The Stage Names is the fourth full-length studio album by American indie rock band Okkervil River, released on August 7, 2007. The album was recorded in Austin, Texas, with longtime Okkervil producer Brian Beattie, and with mixing from Spoon drummer and producer Jim Eno. Like other Okkervil River albums, the accompanying artwork is the work of artist William Schaff. The cover refers to a line from "Unless It's Kicks". The record was also released as a limited-edition 2-CD set that included a second disc of solo acoustic demos. A newly recorded version of "Love to a Monster", which appeared in rough demo form on the band's tour EP, Overboard and Down, was originally intended to appear on the album, but didn't make it on, and appears as a bonus track when the album is purchased through eMusic. "Shannon Wilsey on the Starry Stairs", described by lead singer and songwriter Will Sheff as "kind of a sequel to 'Savannah Smiles' and kind of a sister song to "John Allyn Smith Sails'", is included as a bonus track when the album is purchased through iTunes.

Overview
The Stage Names was originally conceived as a double album. Sheff said about the inspiration for the album, 

An official music video was created for "Our Life Is Not a Movie or Maybe" directed by Margaret Brown.

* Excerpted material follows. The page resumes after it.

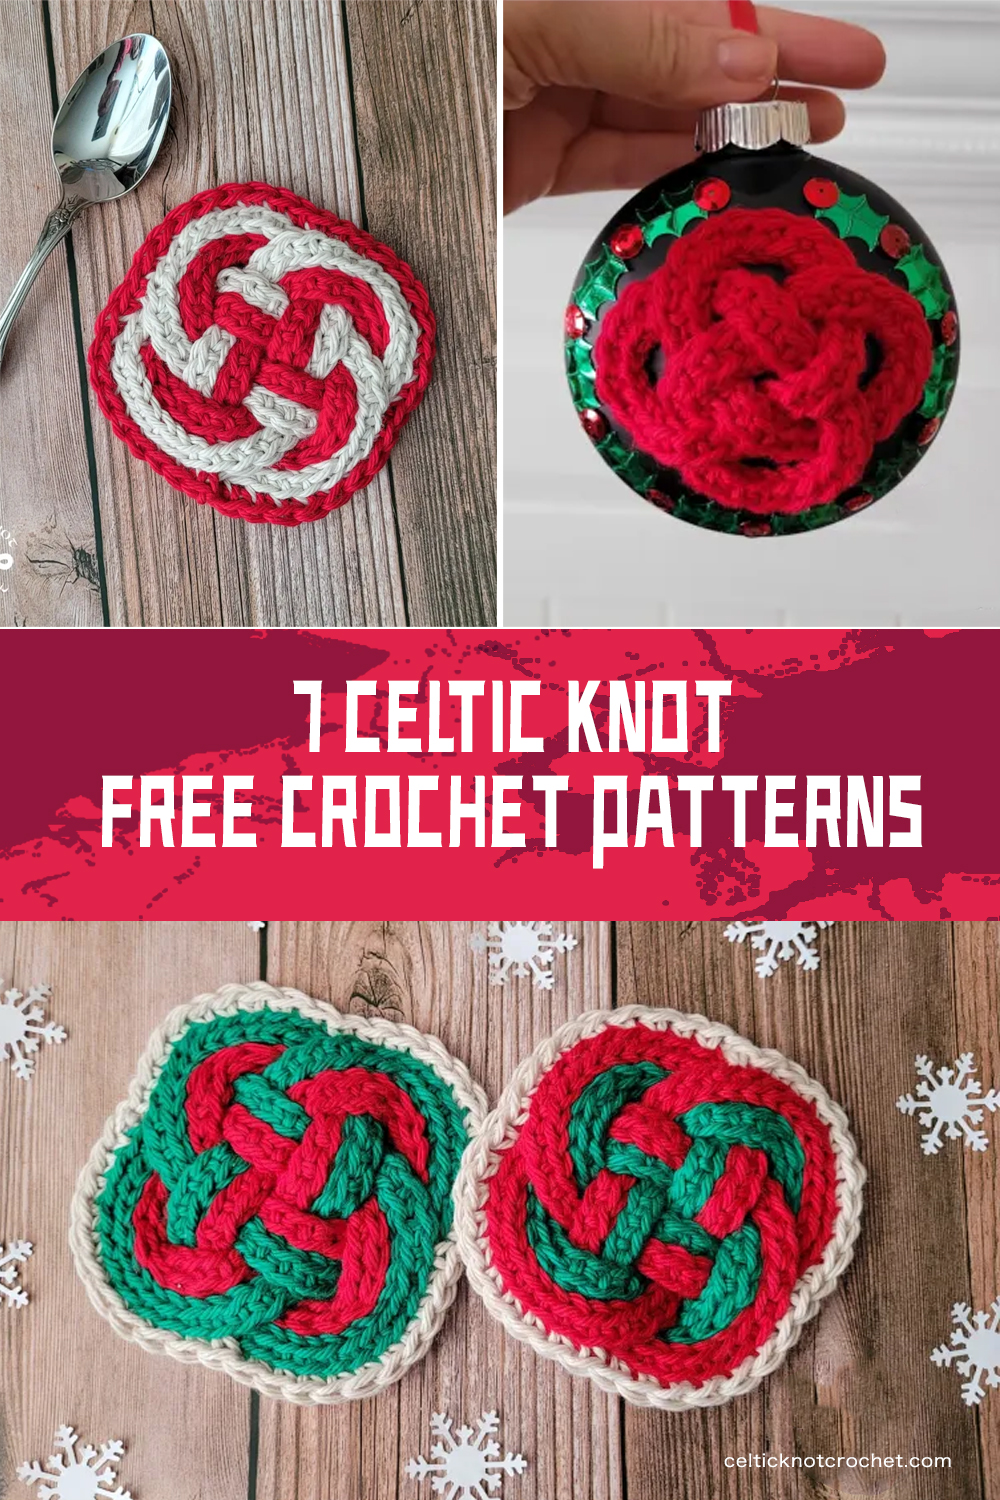 7 Celtic Knot Crochet FREE Patterns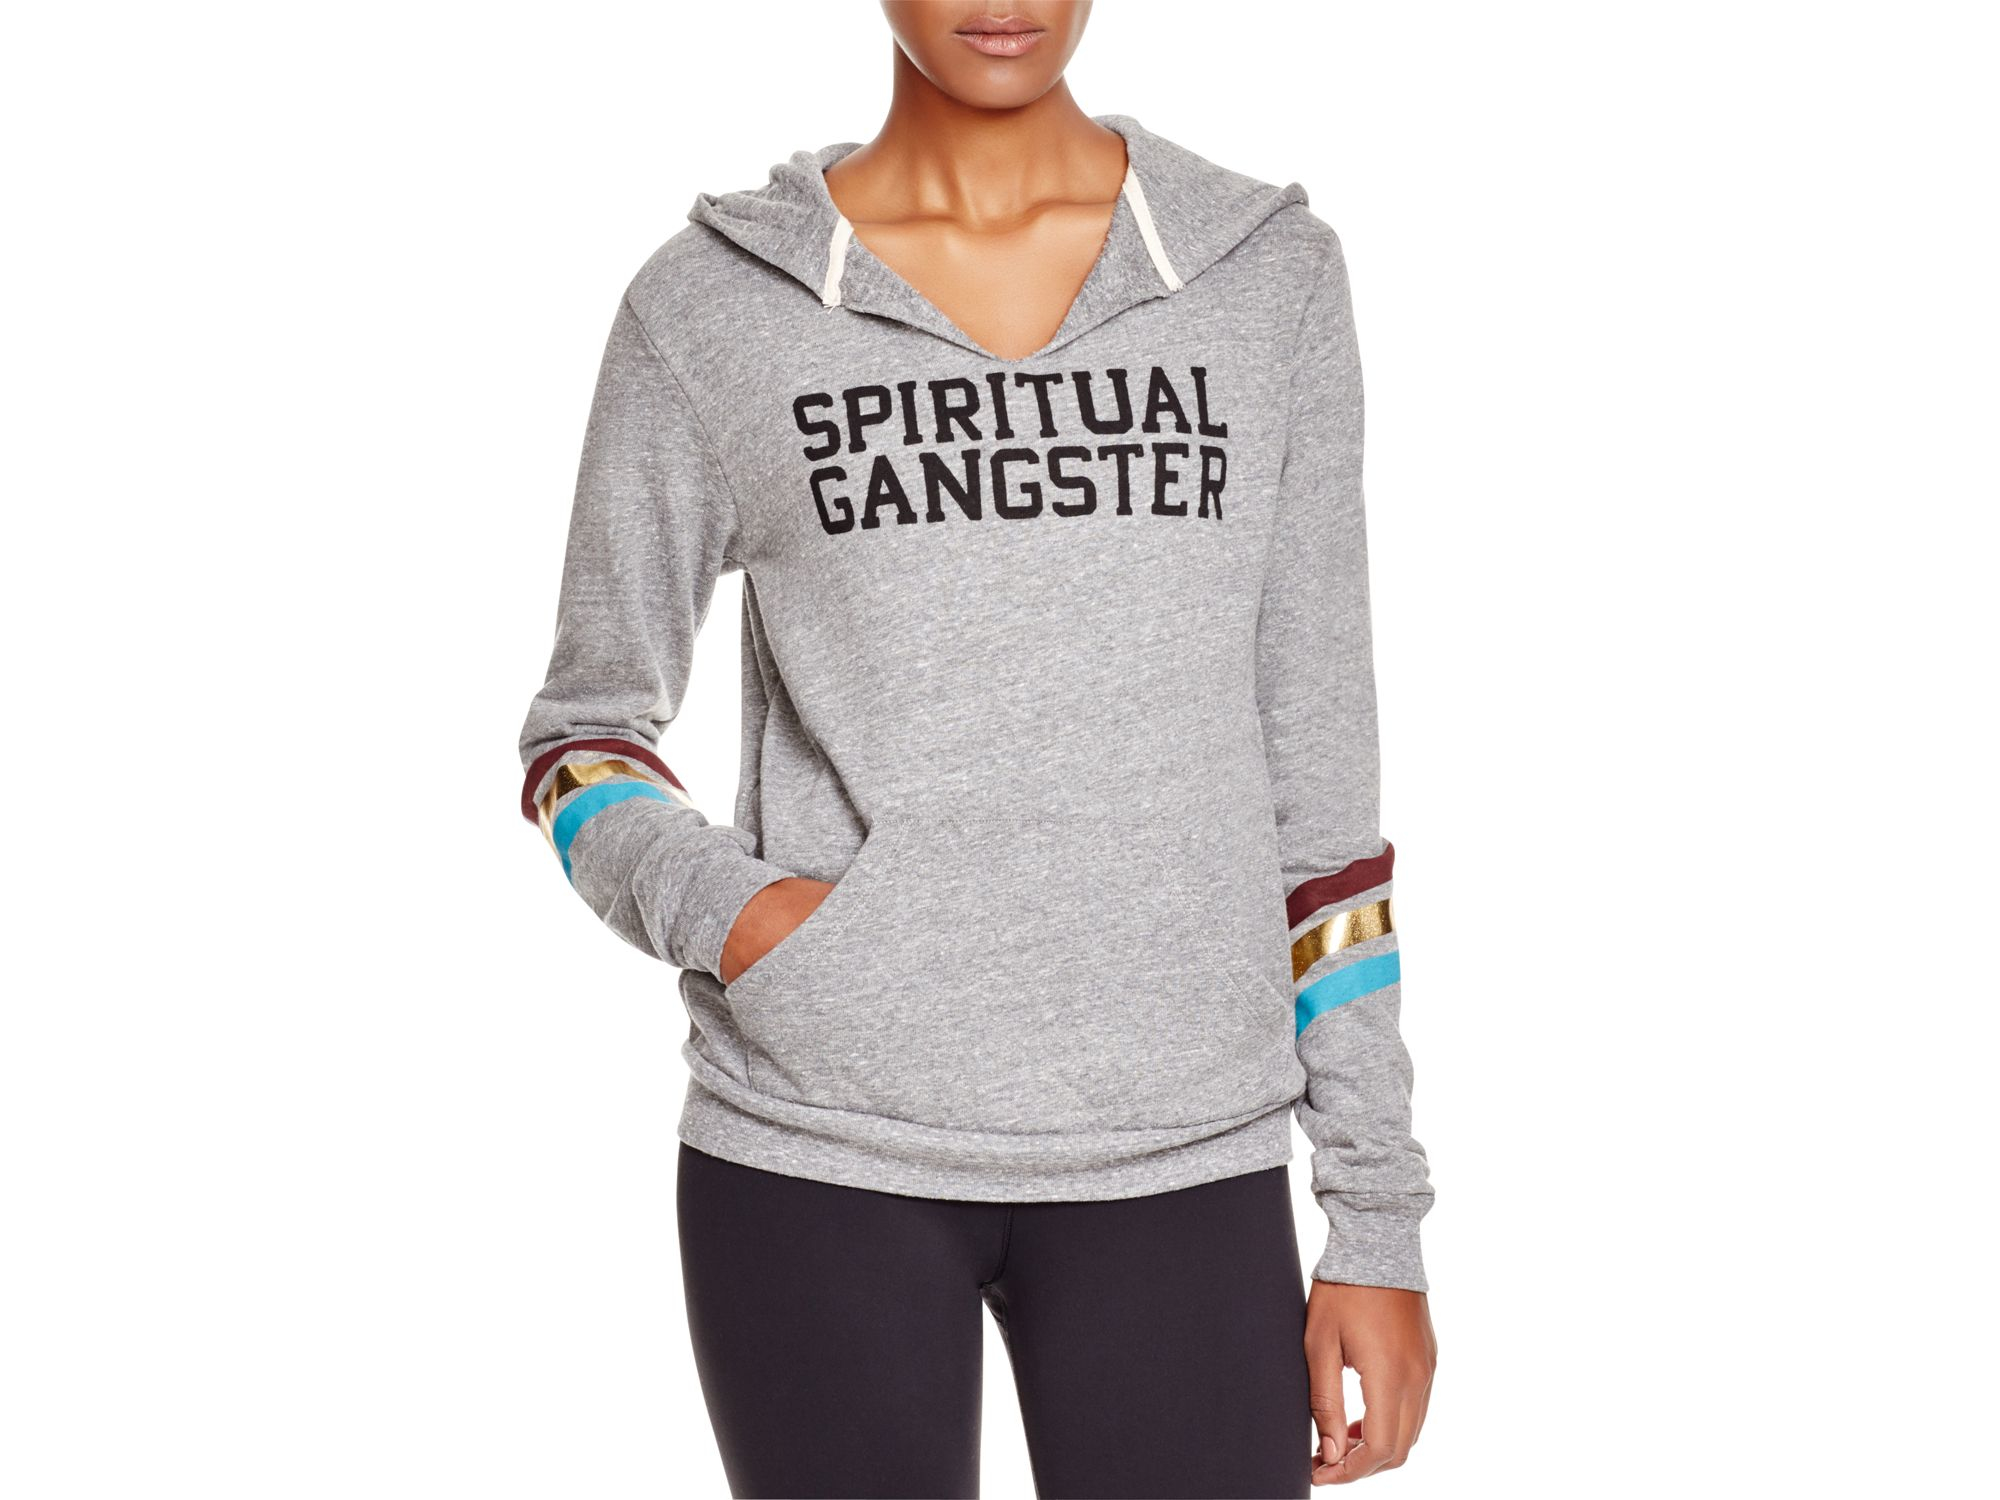 Lyst - Spiritual gangster Grateful Printed Hooded Sweatshirt in Gray

"A Hand to Take Hold of the Scene" describes the television shows in which Okkervil River's music has been featured. These include a 2006 episode of Cold Case ("One Night") and an episode of Breaking Bonaduce.

"Savannah Smiles" is a song that deals with the life and death of Shannon Wilsey, a pornographic actress known by her stage name, Savannah, which was taken from the 1982 film, Savannah Smiles. The bonus track, "(Shannon Wilsey on the) Starry Stairs," is intended to be a sequel to "Savannah Smiles."

"Plus Ones" references several other songs with numerical titles by adding 1 to them. These include ? and the Mysterians' "96 Tears," Nena's" 99 Luftballons," Paul Simon's "50 Ways to Leave Your Lover," The Byrds' "Eight Miles High," R.E.M.'s "7 Chinese Bros.," David Bowie's "TVC15," The Zombies' "Care of Cell 44," Commodore's "Three Times a Lady," and The Crests' "Sixteen Candles." The term is also used in reference to guest-lists at rock concerts.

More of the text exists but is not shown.